膝蓋骨脱臼とは膝のお皿の骨が外れやすくなる病気です。
比較的軽症のグレード1から重症のグレード4まで程度により症状が違ってきます。

グレード別の症状は以下の通りです。

グレード1
膝蓋骨は正常な位置にあり、足を伸展させて膝蓋骨を指で押すと脱臼するが、放すと自然に整復される。
無症状の場合が多い。

グレード2
膝関節は不安定で、膝蓋骨は脱臼したり元に戻ったりしている。
指で膝蓋骨を押すと整復できる。日常生活に支障はないが、この状態で年数を重ねていくと骨の変形が進み、膝蓋骨を支える靱帯が伸びてグレード3に移行してしまう。

グレード3
膝蓋骨は常に脱臼状態にあり、指で押せば整復できるが放すとすぐに脱臼してしまう。
多くは、膝関節を屈曲させたまま歩行するので跛行がみられる。
大腿骨や脛骨の変形も明らかになってくる。

グレード4
膝蓋骨は常に脱臼し、指で整復できない。
大腿骨や脛骨の変形もさらに重度になり患肢が伸展できなくなる。



症状のグレードが高い子を放置した場合、重度な関節炎が生じたり、前十字靭帯が断裂してしまうことがあります。(※膝蓋骨脱臼の子のうち15〜20%の子に前十字靭帯断裂が起こる)
前十字靭帯が断裂すると、肢を使わなくなり、関節炎などが進行するため前十字靭帯の整復手術も必要になってしまいます。

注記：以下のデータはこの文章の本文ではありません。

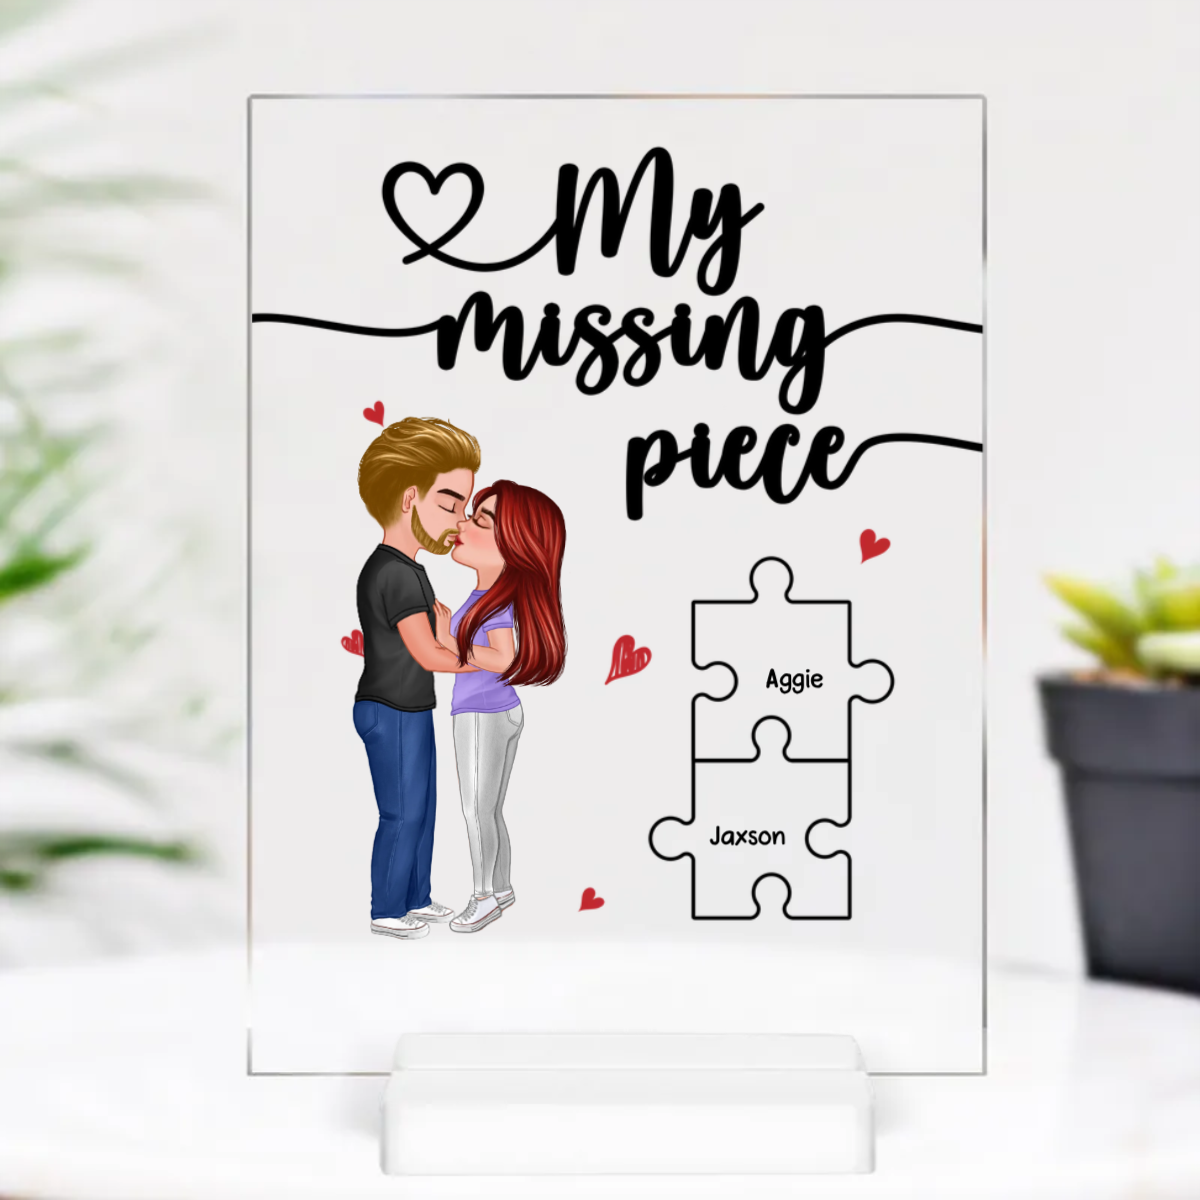 My Missing Piece Couple Kissing Valentine‘s Day Gift For Her Gift For Him Personalized Acrylic Plaque

症状が軽い子(グレード1など)の場合、ダイエットに取り組んだり、足の裏の毛をまめにカットしてあげたり、床を滑りにくくしてあげたりすることで膝への負担をある程度軽減できることもあります。
しかし、最初はグレード1、2であっても徐々にグレード3、4に移行していくことがあります。

症状が重度な子犬の場合、痛みがあったり跛行するなど症状がある子の場合は、関節炎が重症化して手遅れになる前に出来るだけ早期に骨を矯正することが重要です。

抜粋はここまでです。